A simple model of a chemical bond: A particle in a one-dimensional box

In this section, we will consider a very simple model that describes an electron in a chemical bond. This is the so-called particle in a box model. We imagine a particle strictly confined between two ``walls'' by a potential energy $V(x)$ that is shown in the figure below. $V(x)$ confines the particle to the region $x\in [0,L]$. Such a model, although simple, is physically reasonable. For example, imagine an electron in a CC single bond. Since carbon atoms are roughly 24000 times more massive than an electron, thinking classically for a moment, this would be like a ball-bearing between two wrecking balls, which would certainly seem like two infinitely high walls. The box length $L$ for a CC single bond would be roughly 1.5 Å.

Figure 1: Illustration of a particle in a box

Mathematically, the potential energy is expressed as

$$V(x) = \left\{\matrix {0\;\;\;{\rm for}\;\;\;0\leq x \leq L \cr \cr \infty\;\;\;{\rm for} \;\;\;x < 0, x > L}\right.$$

If the potential is infinite outside the box, then there is zero probability that the particle will be found there. Thus, we require $\psi(x)=0$ outside the box, and this can only happen if at the boundaries $x=0$ and $x=L$, $\psi(0)=\psi(L)=0$. These, then, are the boundary conditions on $\psi(x)$. We will also require that the wavefunction be normalized to 1. Since $\psi(x)=0$ outside the box, we only need to integrate between 0 and $L$, so that

$$\int_0^L \vert\psi(x)\vert^2 dx = 1$$

Since we already know that $\psi(x)=0$ outside the box, we only need to solve the Schrödinger inside the box where $V(x)=0$. In this case, the Schrödinger looks like the free-particle equation we already wrote down

$$-{\hbar^2 \over 2m}{d^2 \psi \over dx^2} = E\psi(x)$$

Rearranging gives

$${d^2 \psi \over dx^2} = -{2mE \over \hbar^2}\psi(x)$$

We have already seen that the solutions are sin or cos functions. In fact, we can easily show that the solution of this differential equation must be either

$$\psi(x) = A\sin\left(\sqrt{2mE \over \hbar^2} x\right) \;\;\... ...;\;\;\; \psi(x) = B\cos\left(\sqrt{2mE \over \hbar^2} x\right)$$

where $A$ and $B$ are arbitrary constants.
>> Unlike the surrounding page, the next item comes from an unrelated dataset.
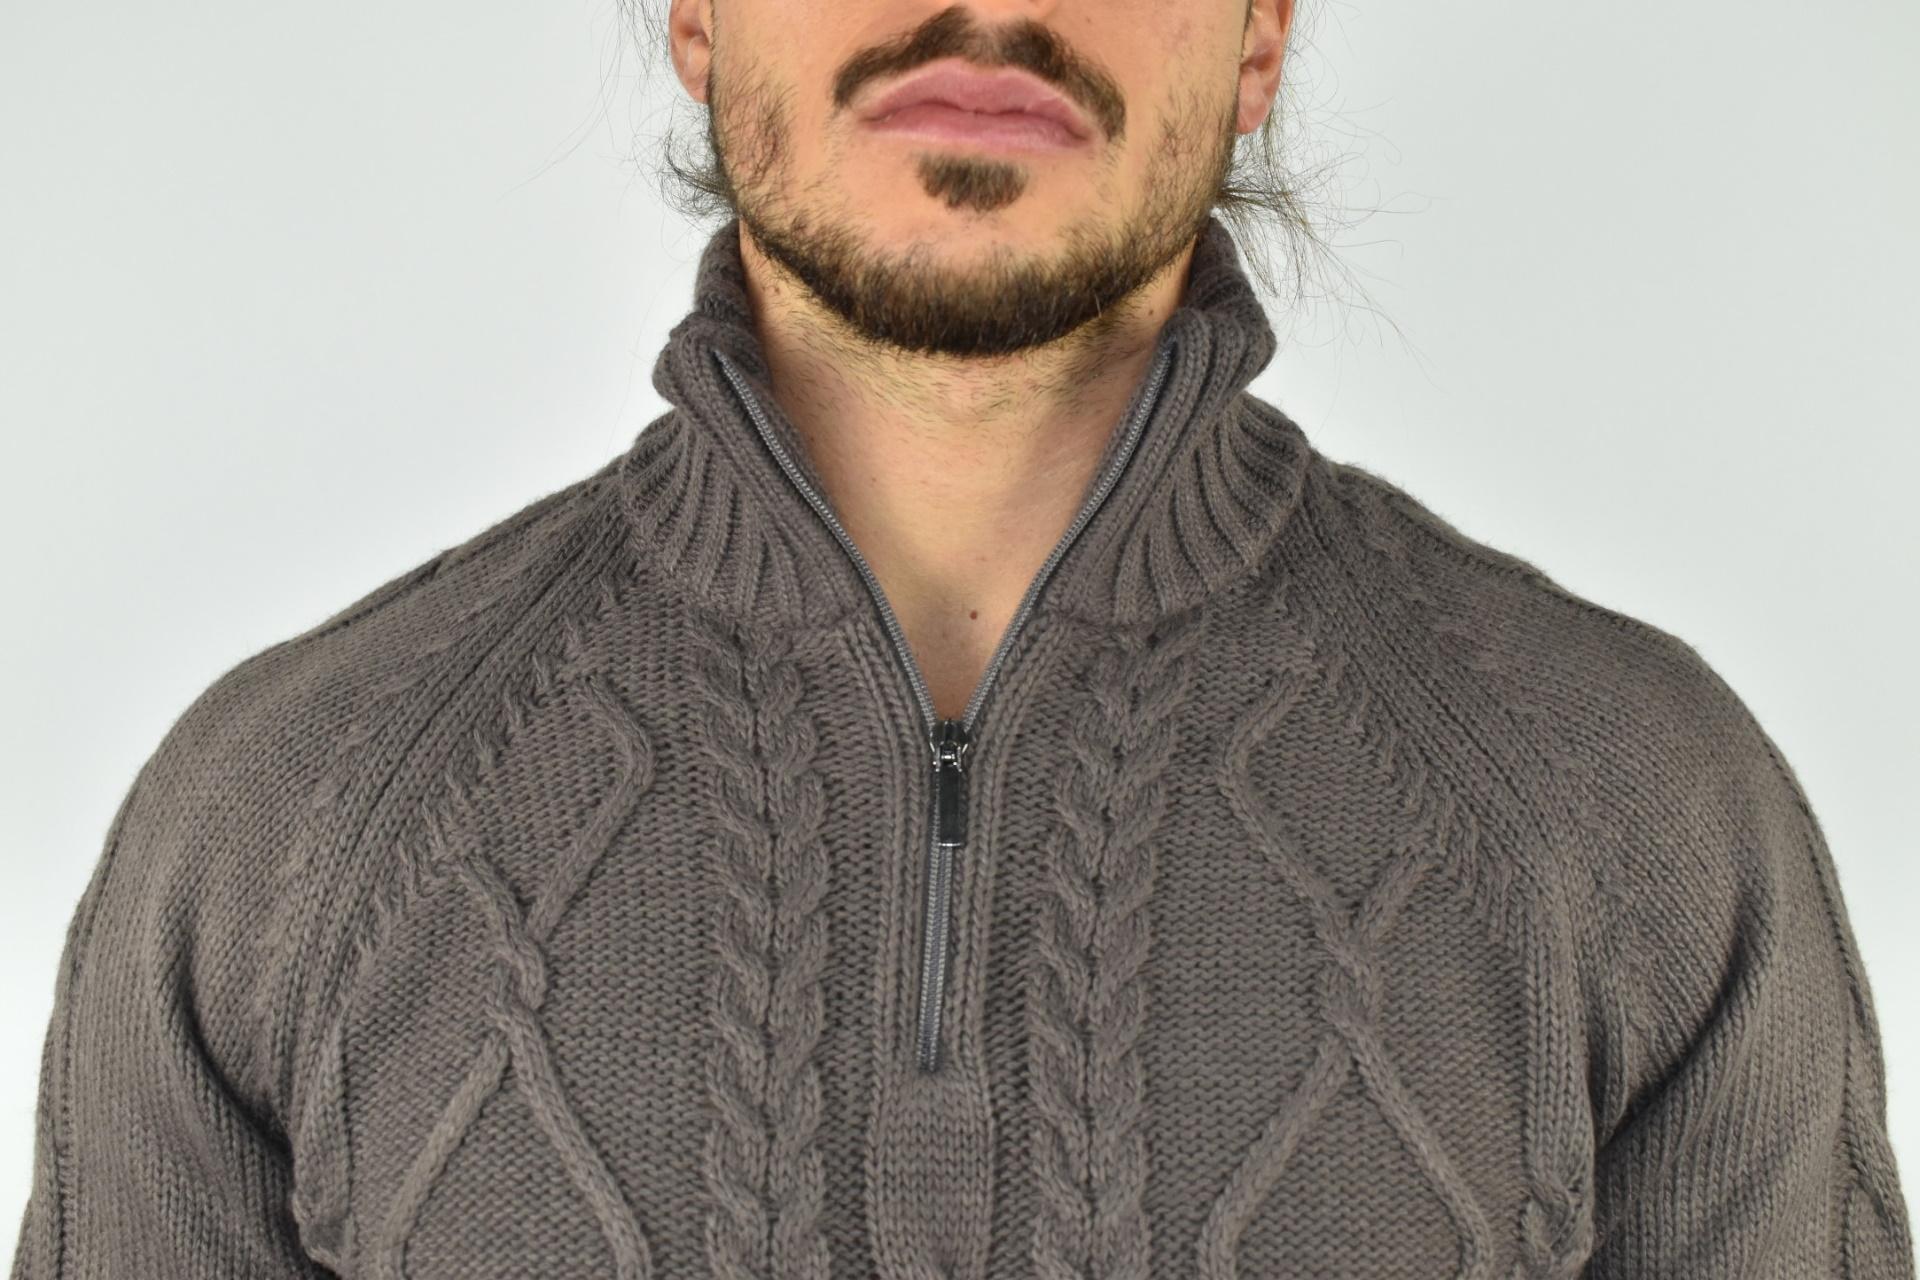 LUPINEMA CASTORO MAGLIA UOMO MEZZA ZIP MANICA LUNGA LAVORAZIONE TRECCE 3 1stAmerican maglione invernale da uomo mezza zip manica lunga lavorazione trecce

But since we need $\psi(0)=0$, the only solution that is consistent with the boundary condition is the sin solution. Thus, we take

$$\psi(x) = A\sin\left(\sqrt{2mE \over \hbar^2} x\right)$$

It's a simple matter to verify that this function satisfies the differential equation:

$${d\psi \over dx} = A \sqrt{2mE \over \hbar^2}\cos\left(\sqrt{2mE \over \hbar^2} x\right)$$

$${d^2\psi \over dx^2} = -A\left({2mE \over \hbar^2}\right)\cos\left(\sqrt{2mE \over \hbar^2} x\right)$$

$$= -\left({2mE \over \hbar^2}\right)\psi(x)$$

At this point, all we have is a general solution to the equation, but we still do not know the allowed values of $E$. But, there is also still one boundary condition we have not yet enforced. We need $\psi(L)=0$. This requires

$$A\sin\left(\sqrt{2mE \over \hbar^2} L\right)=0$$

In order to satisfy this, we can take any point where the sin function vanishes. We know that $\sin(n\pi)=0$ for any value of $n$. Thus, our boundary condition is equivalent to

$$\sqrt{2mE \over \hbar^2}L = n\pi$$

Solving this equation for $E$ gives us the allowed energies:

$$E = {\hbar^2 \pi^2 \over 2mL^2}n^2 \equiv E_n$$

Note, first, that there are many allowable values of $E$, so we denote these by $E_n$ according to the value of $n$ that we choose. For each allowable energy, there is also a wavefunction $\psi_n(x)$ obtained by substituting $E_n$ into the expression for $\psi(x)$. This yields

$$\psi_n(x) = A\sin\left({n\pi x \over L}\right)$$

We still need to determine the constant $A$, but before we do this, a comment is in order. Specifically, we are going to place a restriction on $n$. We will restrict $n$ to be the natural numbers $n=1,2,3,...$. The value $n=0$ gives a wavefunction $\psi_0(x)$ that is everywhere 0, and since the particle must be somewhere, this solution is not allowed. In addition, although the negative numbers $n=-1,-2,...$ also satisfy the boundary condition, since $\psi_{-n}(x) = -\psi_n(x)$, because $\sin(-y)=-\sin(y)$, we do not need to keep the negative values of $n$ because an overall minus sign on $\psi(x)$ does not change the probability of finding the particle in a region of the box becuase $p(x) = \vert\psi(x)\vert^2$. Thus, those wavefunctions that give unique probability densities are those for which $n=1,2,3,....$.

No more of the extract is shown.